With this understanding, I can finally stand up. I head for the rose garden, a place of exuberant beauty in early June. The waters of the fountain cascade down their stone steps, accompanied on both sides by pink roses in full bloom. I walk past the little pond surrounded by crimson, peach, yellow, deep red, and white roses, all exuding their intoxicating fragrances. I love the roses but do not linger; I am headed for the hillside where the oaks and redwoods live, a bit of the wild held captive but alive in the city. I sink down at the foot of a redwood, my back against its strong trunk. I respect the oaks, but I love the redwoods. Here it smells of redwood duff, spicy and clean, and the ground is littered with twigs and dried needles. It is not a soft place to sit, but no matter. Finally, the young woman across the pond stops yelling into her cellphone. There is a sweet breeze, and now the caws, cries and songs of various birds filter through. I close my eyes, just to listen more deeply.

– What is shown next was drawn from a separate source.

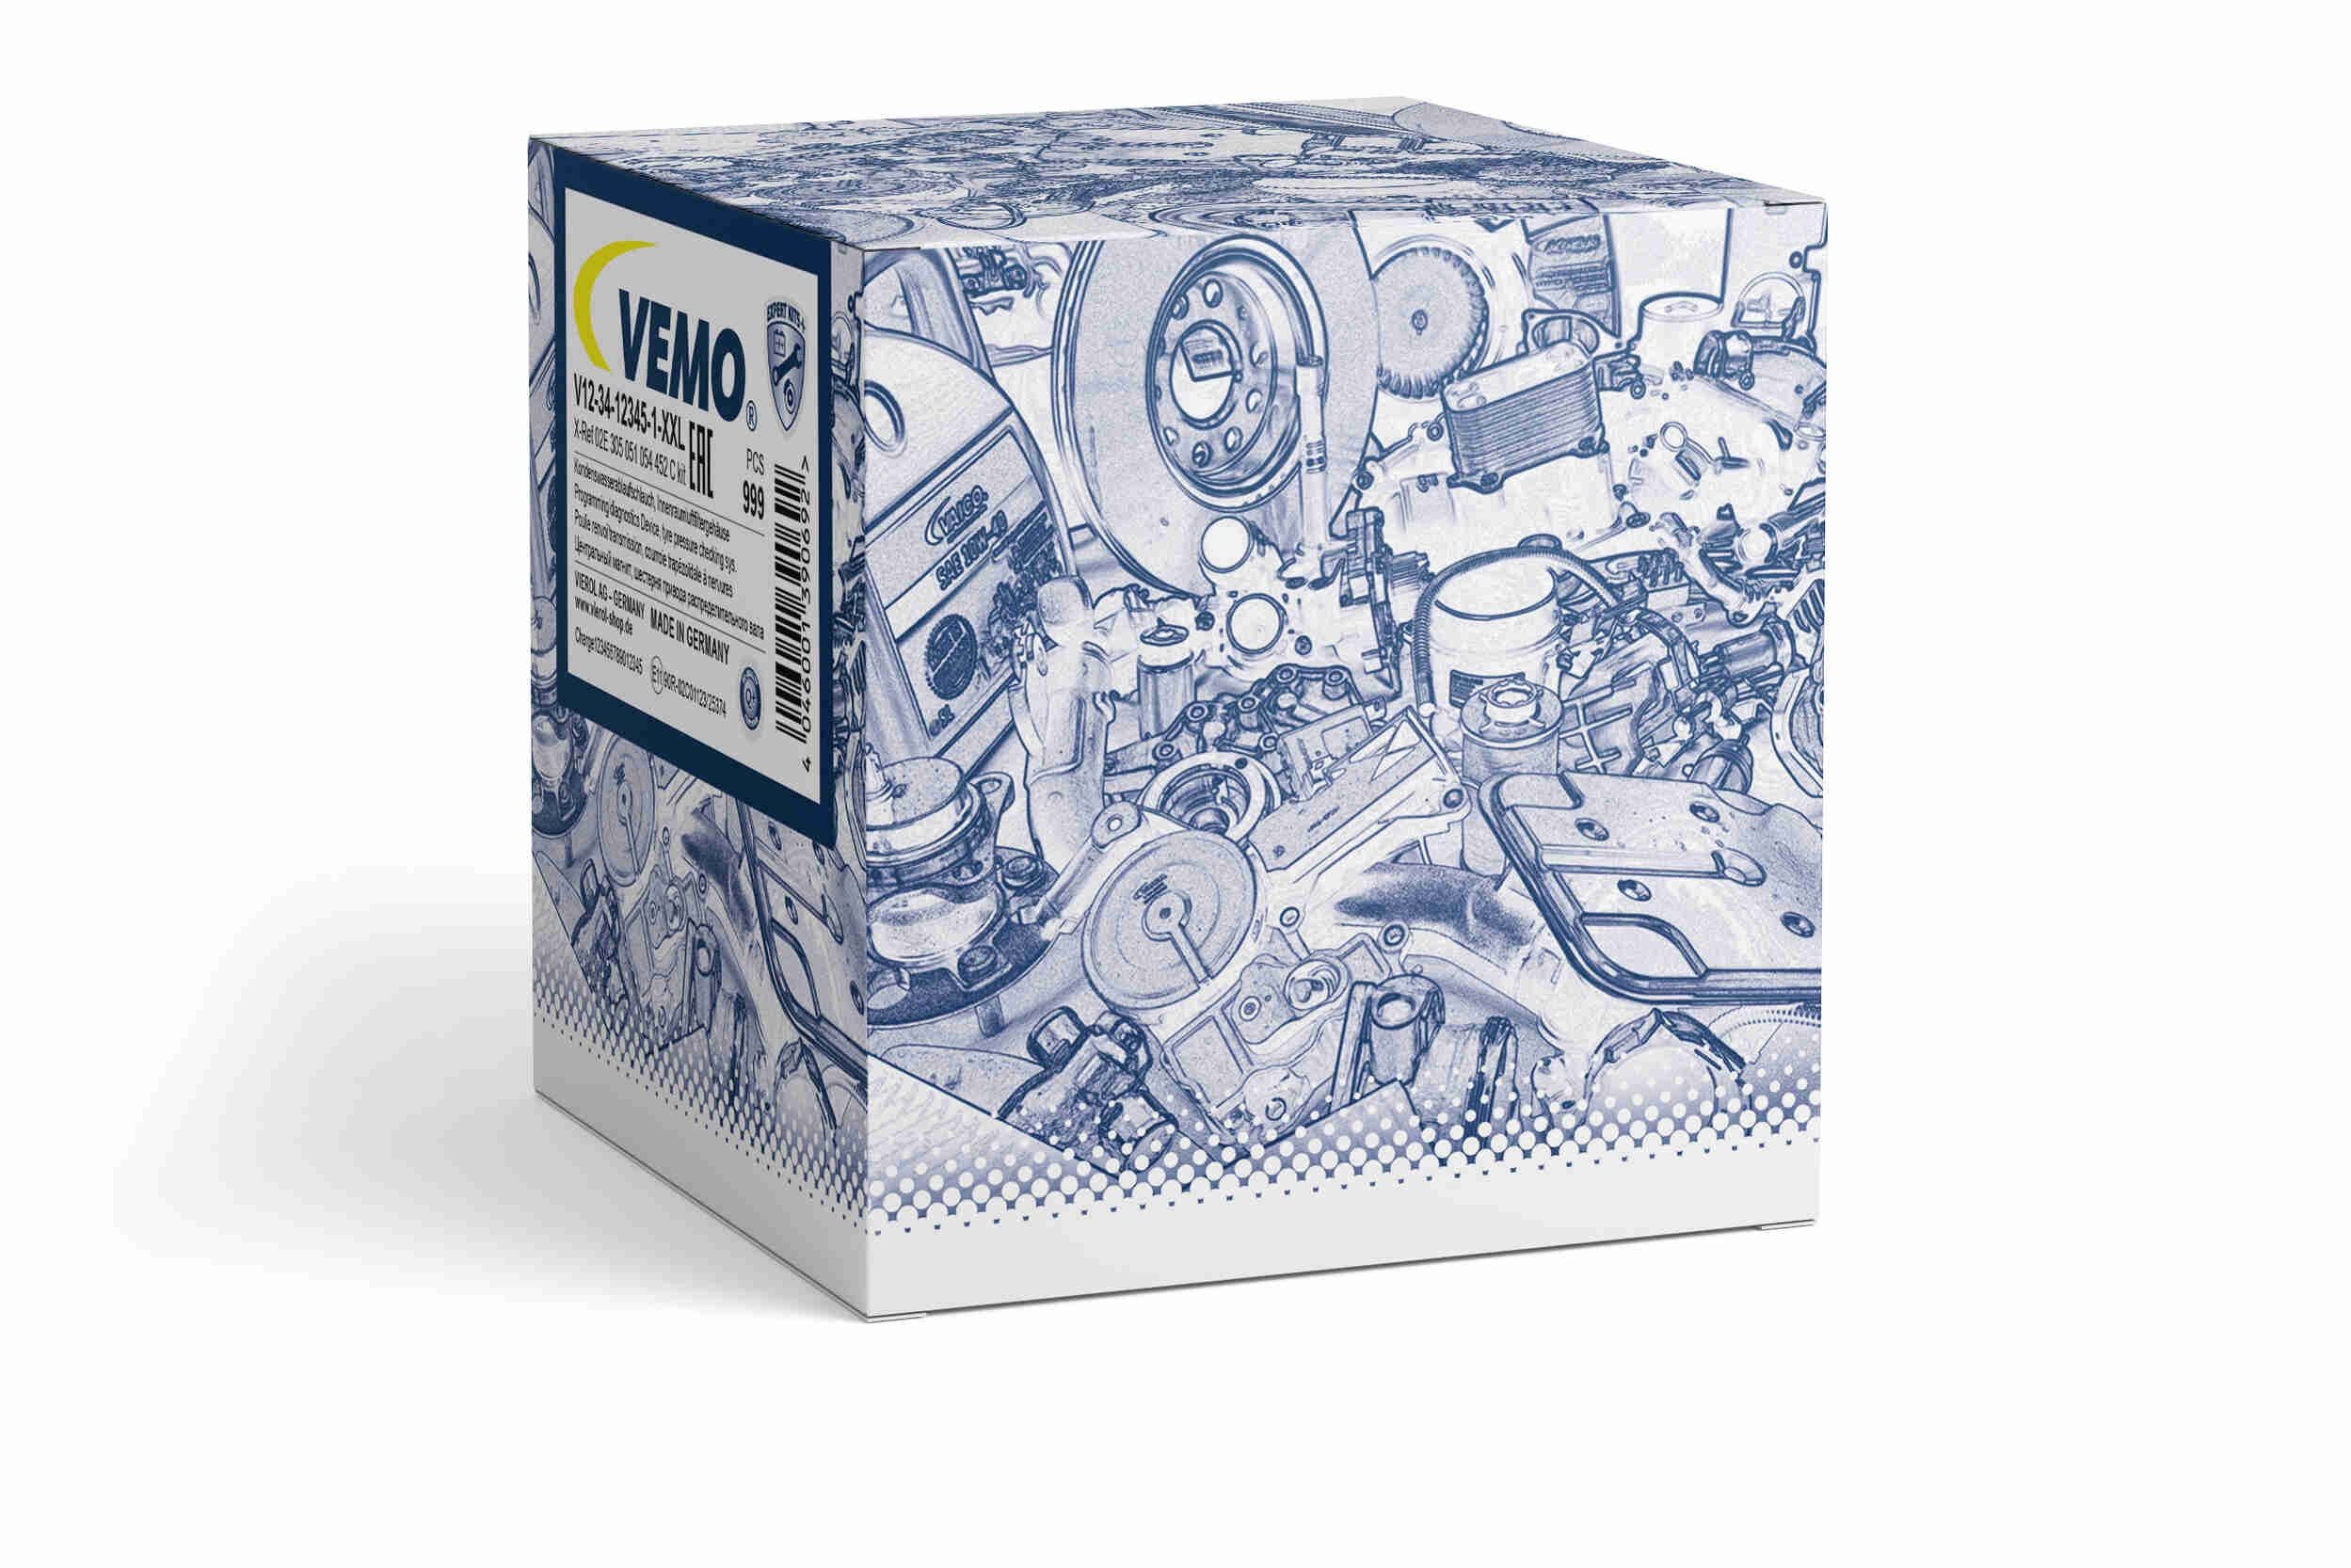 VEMO V10-63-0051 Valve, EGR exhaust control Q+, original equipment manufacturer quality

When I open them again, I turn to face the tree and am stunned to see what I am sitting next to and had not noticed before. Someone has left an offering at the foot of this redwood tree – bougainvillea, lavender, thistle, poppy heads - a messy arrangement clearly here for some time. It reminds me of that first trip to Eleusis, where I also found an offering left by someone else. I straighten out the tangle of dried flowers, making some artful order out of the chaos, and then add something of my own. How wonderful to feel again the companionship of unknown, unseen lovers of what I also love and venerate. The tree does not speak to me, per se. But sitting in its calm and majestic presence is sufficient.
Uncertainty will always be with me as it is with everyone. There is an old saying that false security is the only kind there is. Freeing myself from the grip of fear, does not mean it will never visit me again. There is no “happily ever after” in my or any other story. Even in fairy tales, “happily ever after” really implies “happily until the next trouble arrives.” I may not be “cured” but I hope there has been some healing. There is a world of trouble outside this garden, full of violence, grief, disaster, and plenty of pain.
But what is happening in this moment is full of life and of mystery and deserves to be lived prayerfully. I look around. The trees, the roses, the hillside, the mother walking by with a baby in a front pack, the sky, the sun falling in full force over there and in dappled patches here under the trees, the crows winging overhead, the offering of flowers … this is life, all of a piece, sacred, here and now.
I stand up, look around, and confirm that this tree, the one I was drawn to sit beneath, is the only one with an offering at its foot.